RITE AND REASON:IN ITS "Opinion on Stem Cell Research", published last week, the Irish Council for Bioethics is right not to base its conclusions on the results of polls.
Instead, recommendations for policy proposals need to be founded on convincing arguments.
The outcomes of polls depend, eg, on the way questions are framed, on the prior information and reflection of the respondent, which in turn depends on the existence and quality of a sustained public debate.

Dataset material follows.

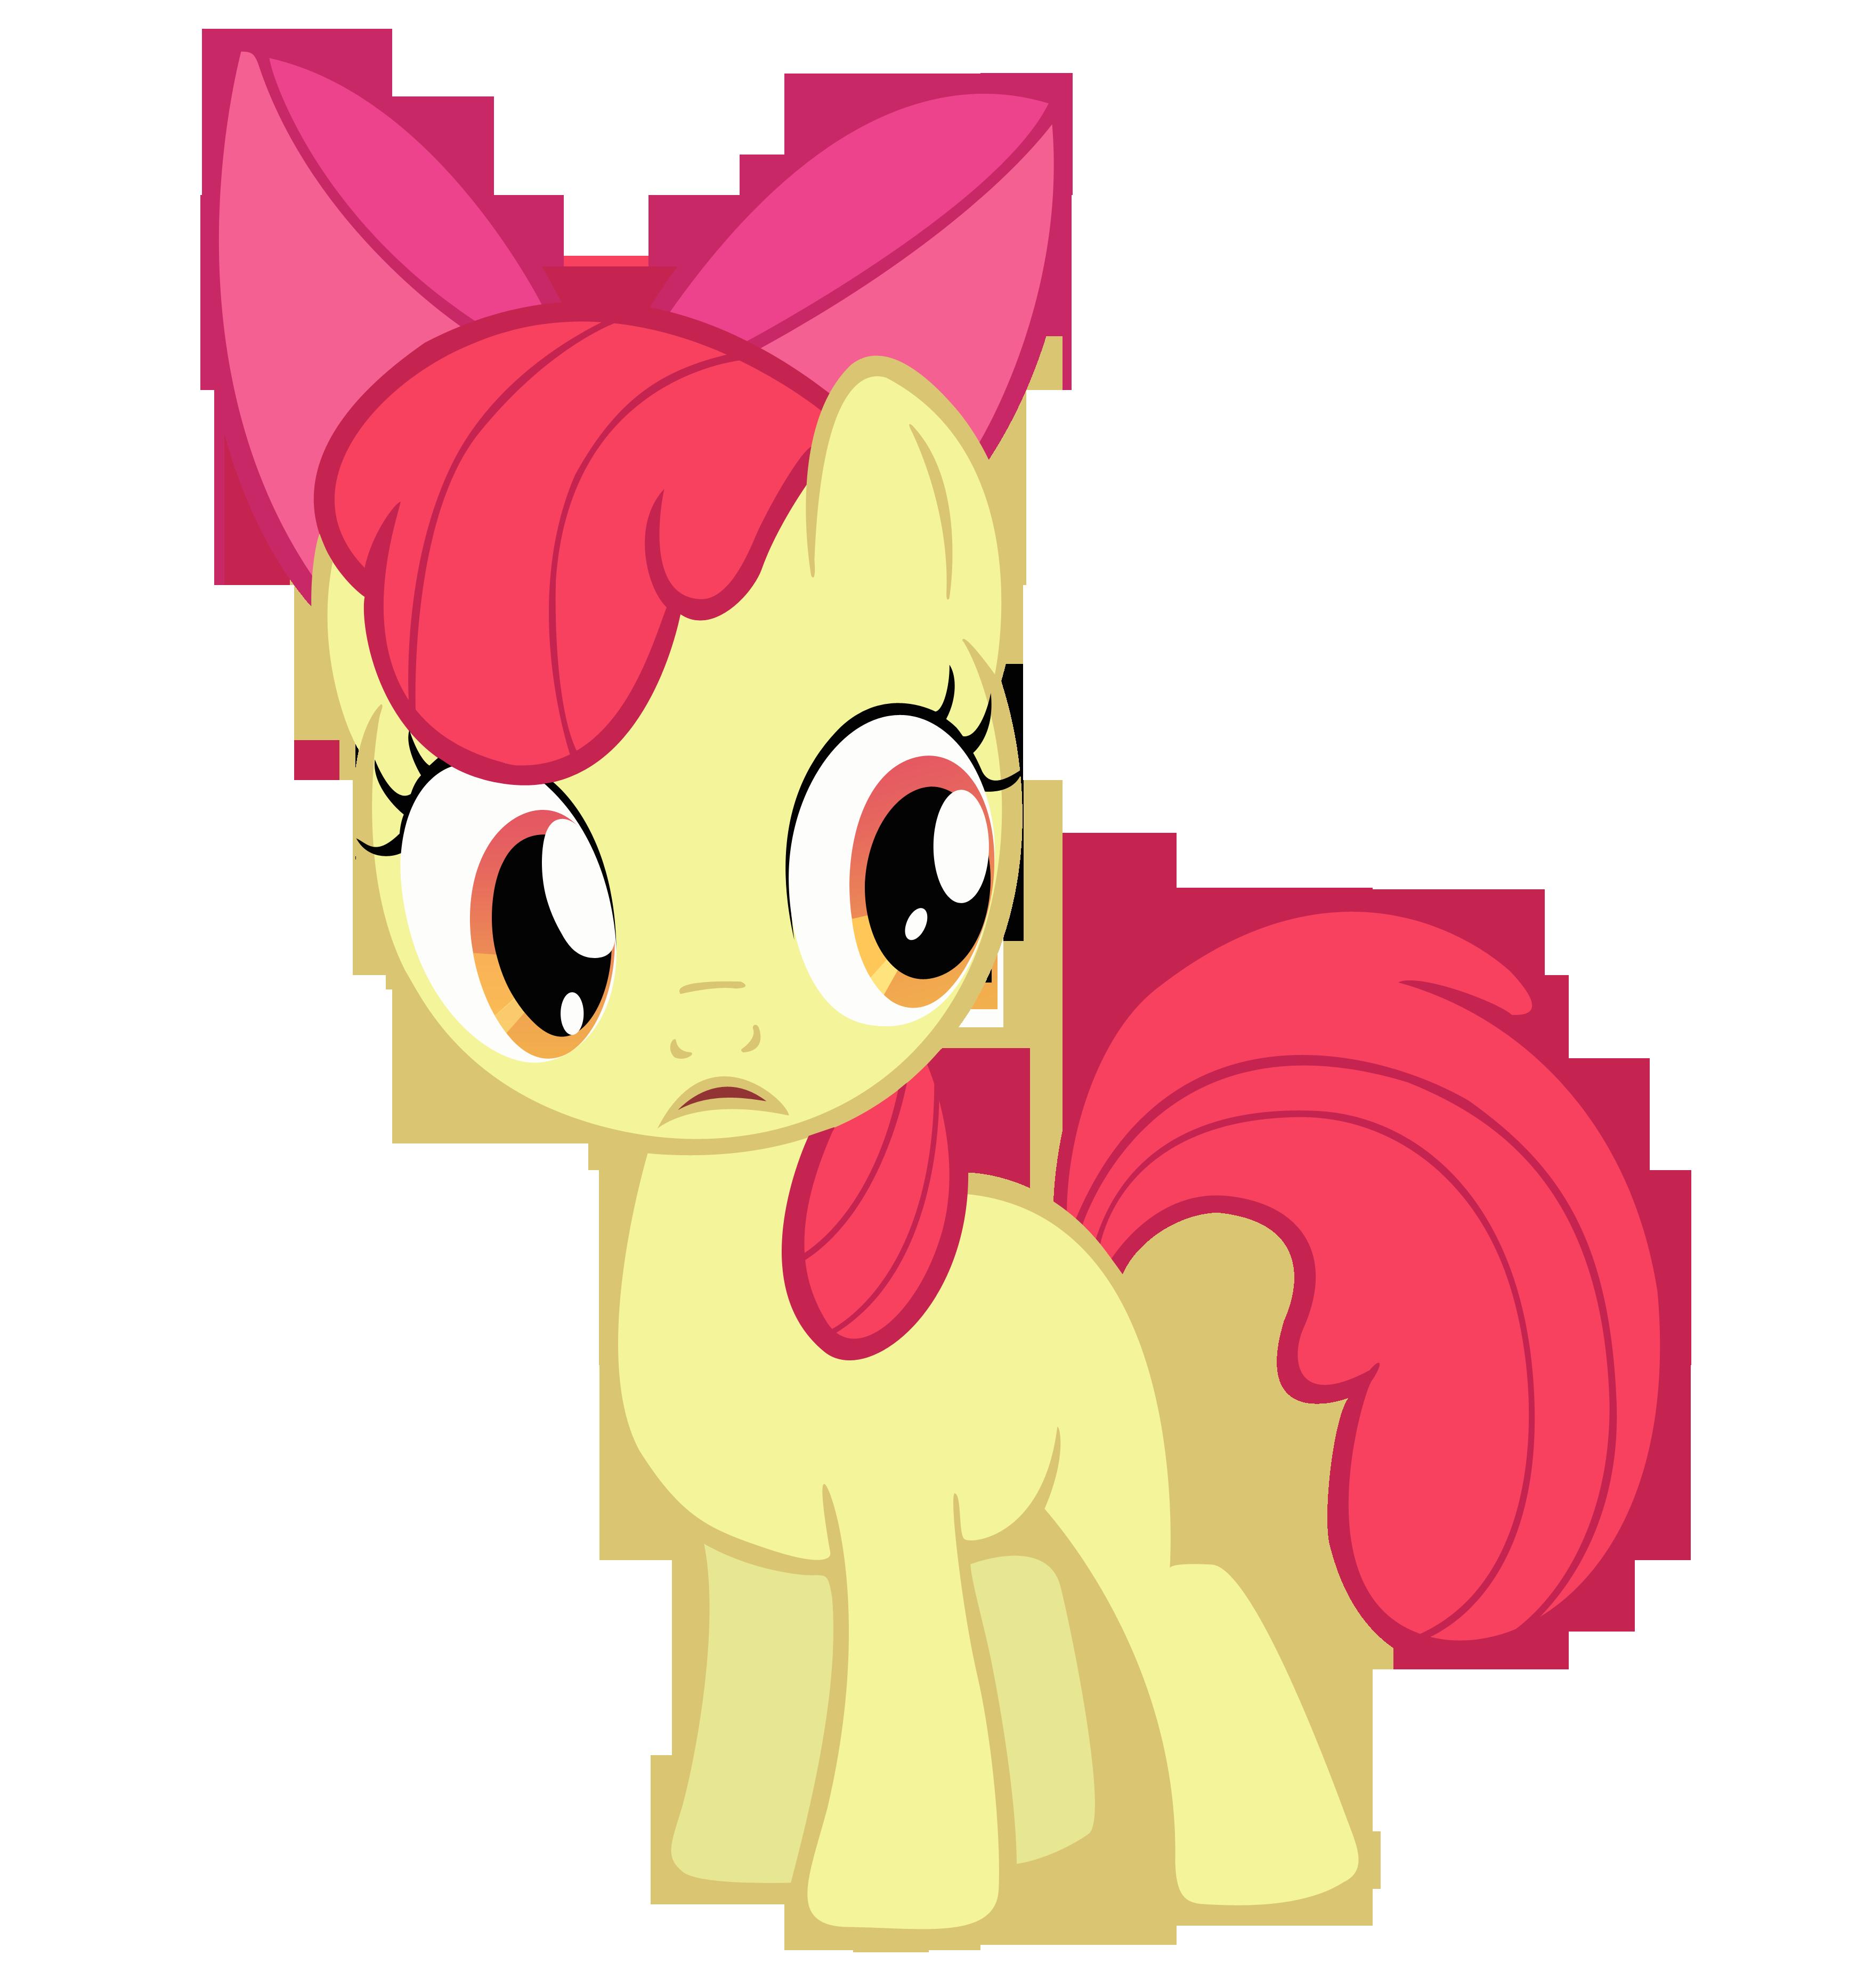 apple_bloom_by_spikesmustache-d568gx7.pn

The position the council arrived at unanimously against the views expressed by a majority in the polls conducted in 2007, namely to ask the State to allow research on embryonic and foetal stem cells, has to be evaluated by the strength of its arguments.
The council's 2007 "Opinion on Advance Care Directives" indicated its philosophical basis by referring to John Stuart Mill in its "Ethical Framework". In the new document's ethical discussion, references to Locke and Kant are interspersed.
What emerges as the guiding framework, however, and becomes clear by reference to the "strict conditions of informed consent" (p. 51), in this case of IVF couples becoming embryo donors, is the continued reliance on Mill's empirical understanding of autonomy as independence from external influence.
In the council's argument, the crucial difference between two opposite types of argumentation is lost: between Locke's definition of the person by her empirical consciousness and Mill's corresponding view of autonomy as independence, on the one hand, and Kant's insistence that human dignity is not at our own disposal, and that each human being (not just those at the height of their rational, conscious, intelligent, autonomous powers) is an irreplaceable end in itself, on the other.
On what else could a universalist ethics of human rights be founded?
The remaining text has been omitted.